======== Records for the exercise ========
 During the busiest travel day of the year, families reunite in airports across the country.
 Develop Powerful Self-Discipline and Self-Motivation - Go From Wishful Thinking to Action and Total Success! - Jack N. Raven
========
======== Records for the exercise ========
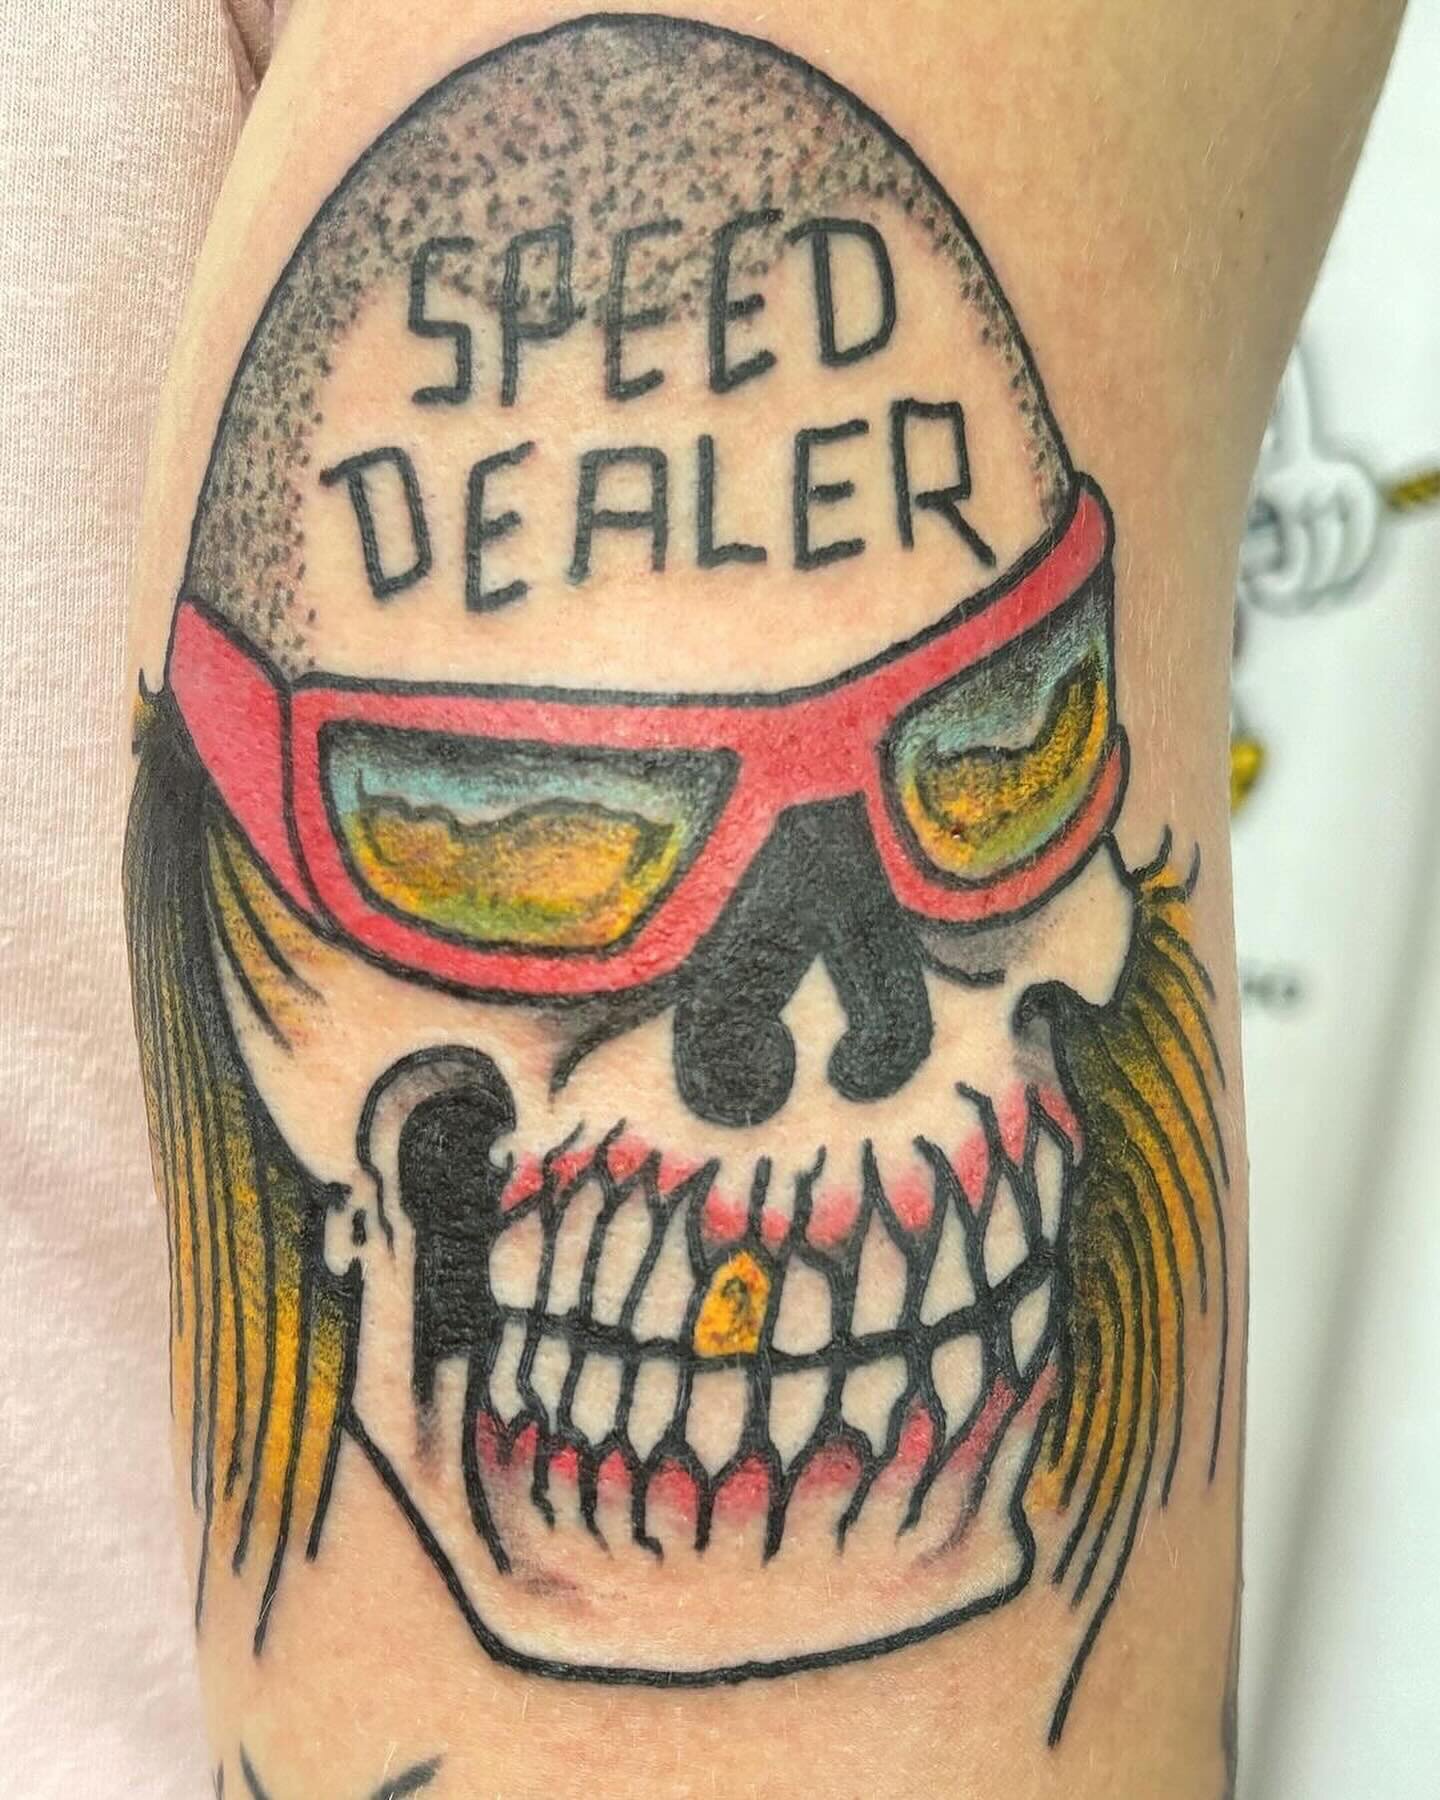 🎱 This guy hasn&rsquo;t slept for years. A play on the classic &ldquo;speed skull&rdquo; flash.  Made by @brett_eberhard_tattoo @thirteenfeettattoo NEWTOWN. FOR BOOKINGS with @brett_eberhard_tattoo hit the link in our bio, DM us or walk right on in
========
======== Records for the exercise ========
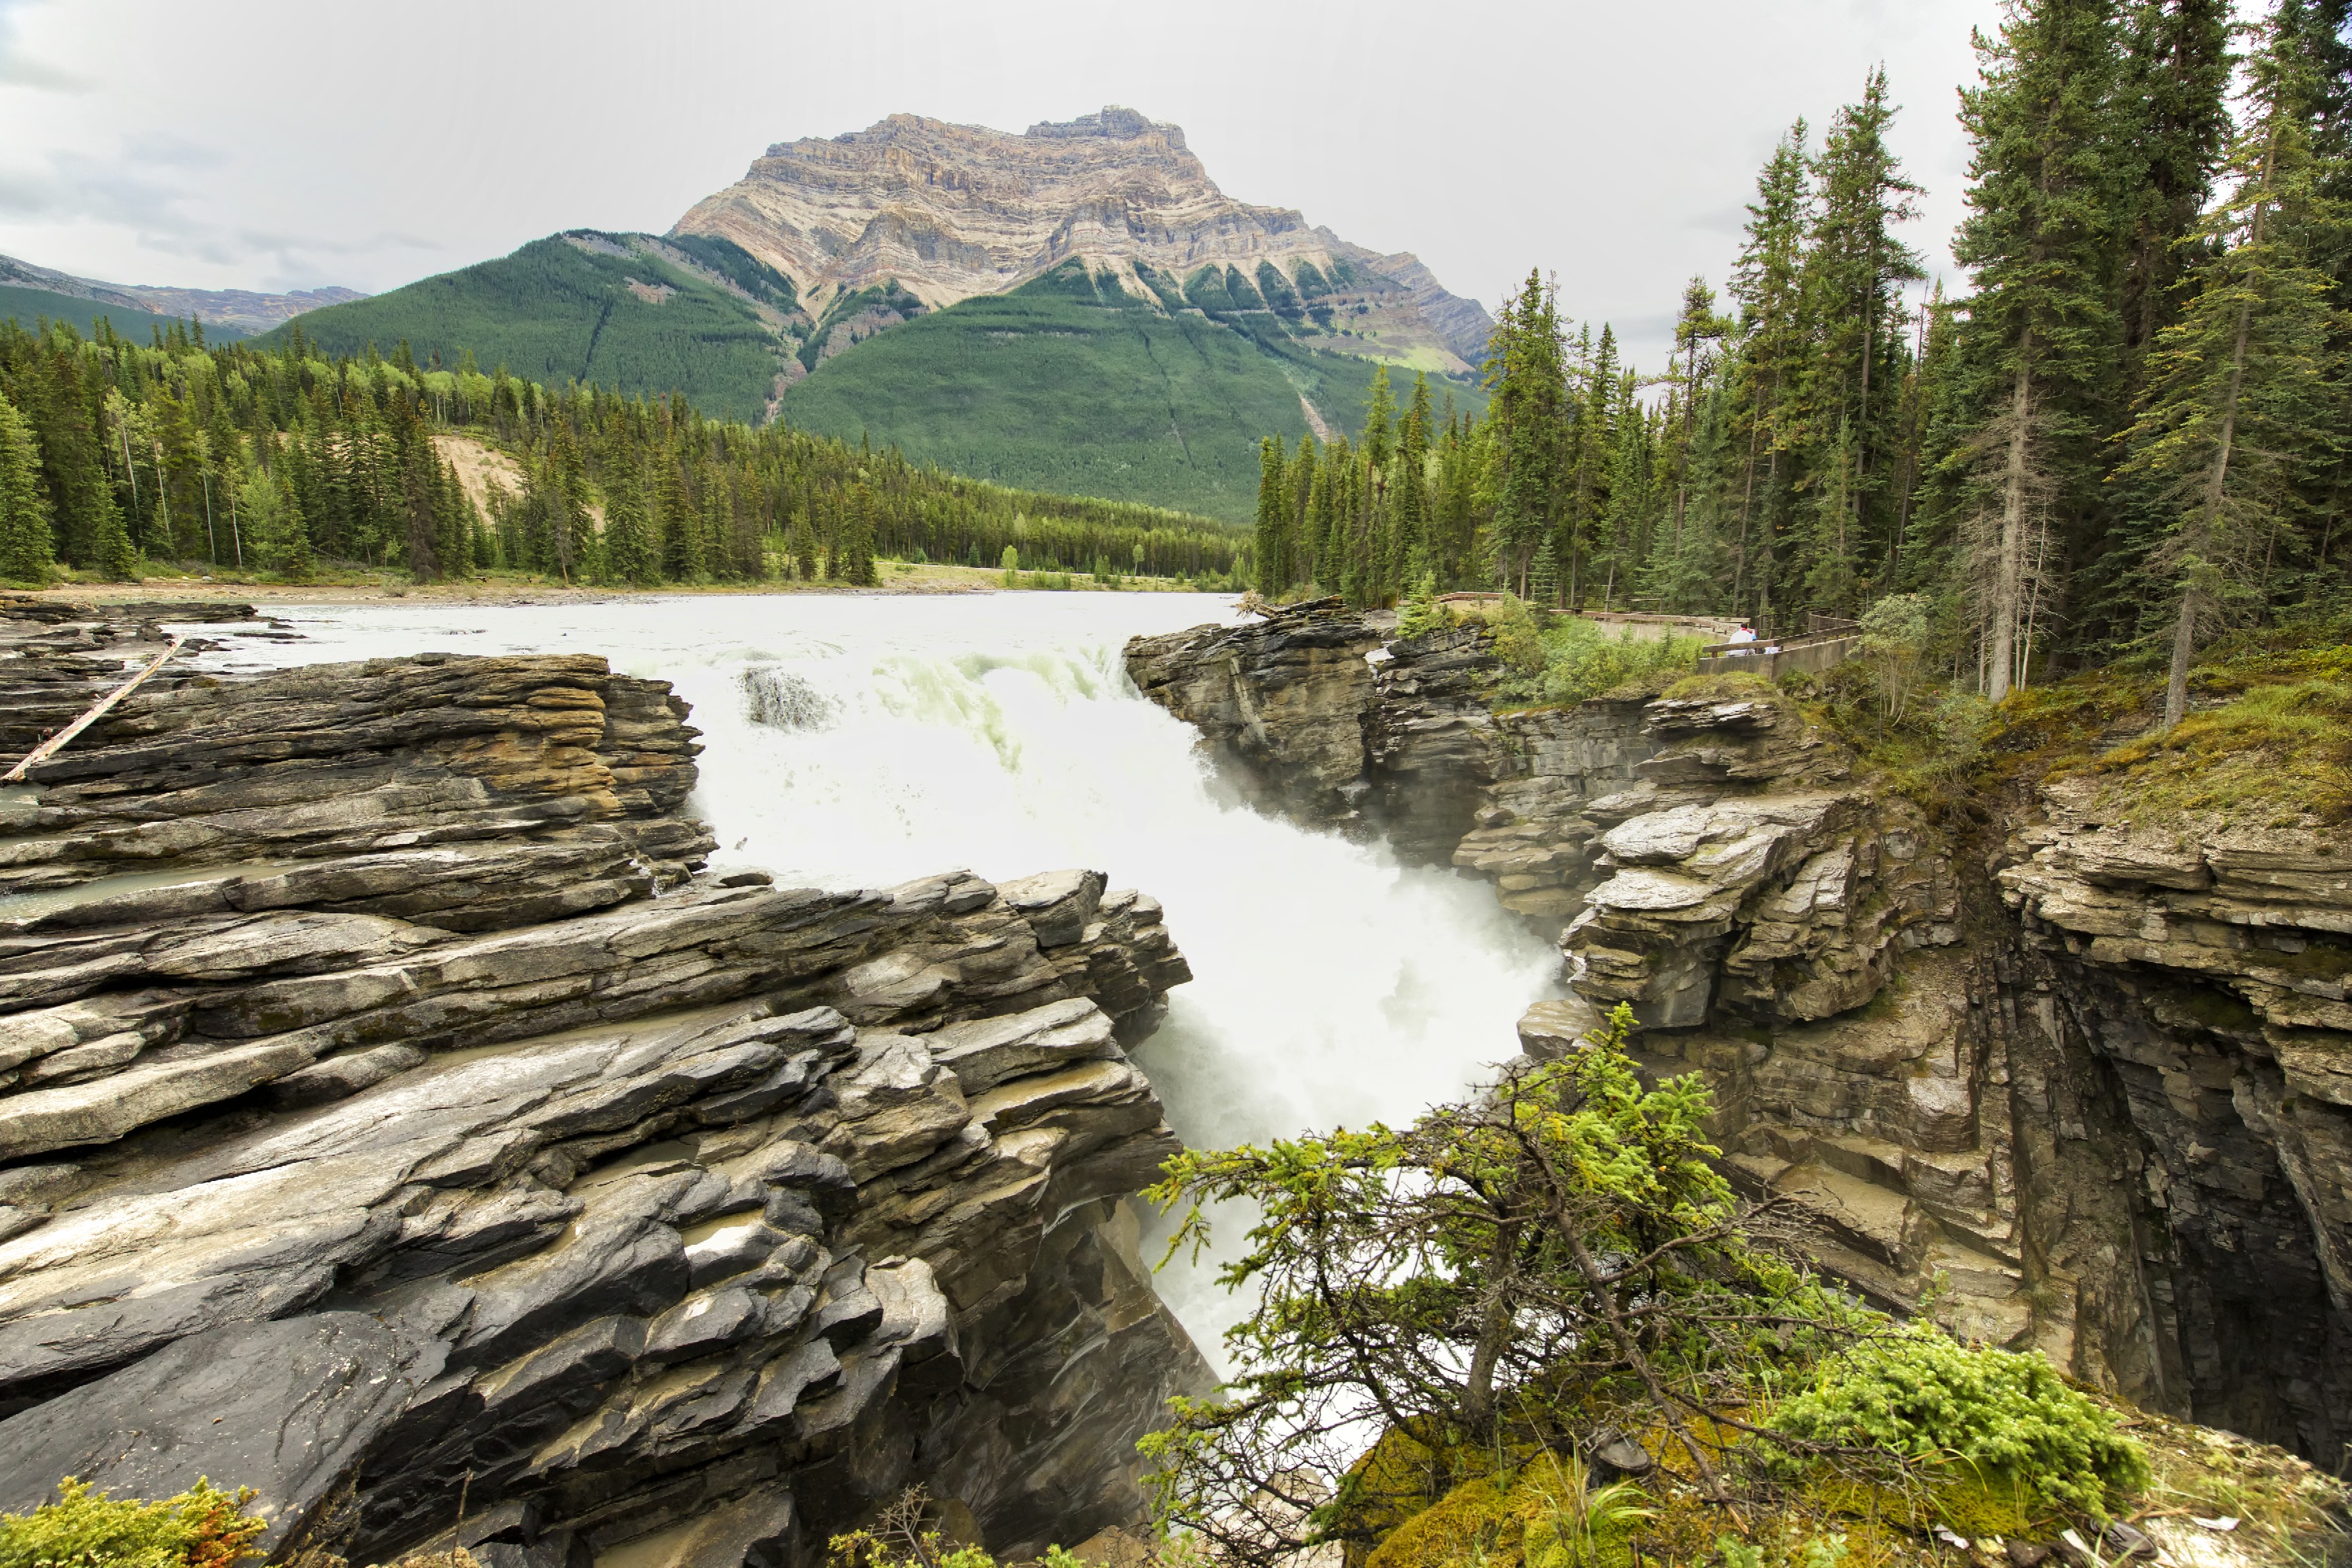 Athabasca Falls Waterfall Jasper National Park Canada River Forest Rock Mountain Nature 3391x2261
========
- _Work to be completed_
Begin with the line above that has "During the busiest" and continue through the line that has "Develop Powerful Self-Discipline", setting each one down exactly. Stop there.

- _Response for this exercise_
 During the busiest travel day of the year, families reunite in airports across the country.
 Develop Powerful Self-Discipline and Self-Motivation - Go From Wishful Thinking to Action and Total Success! - Jack N. Raven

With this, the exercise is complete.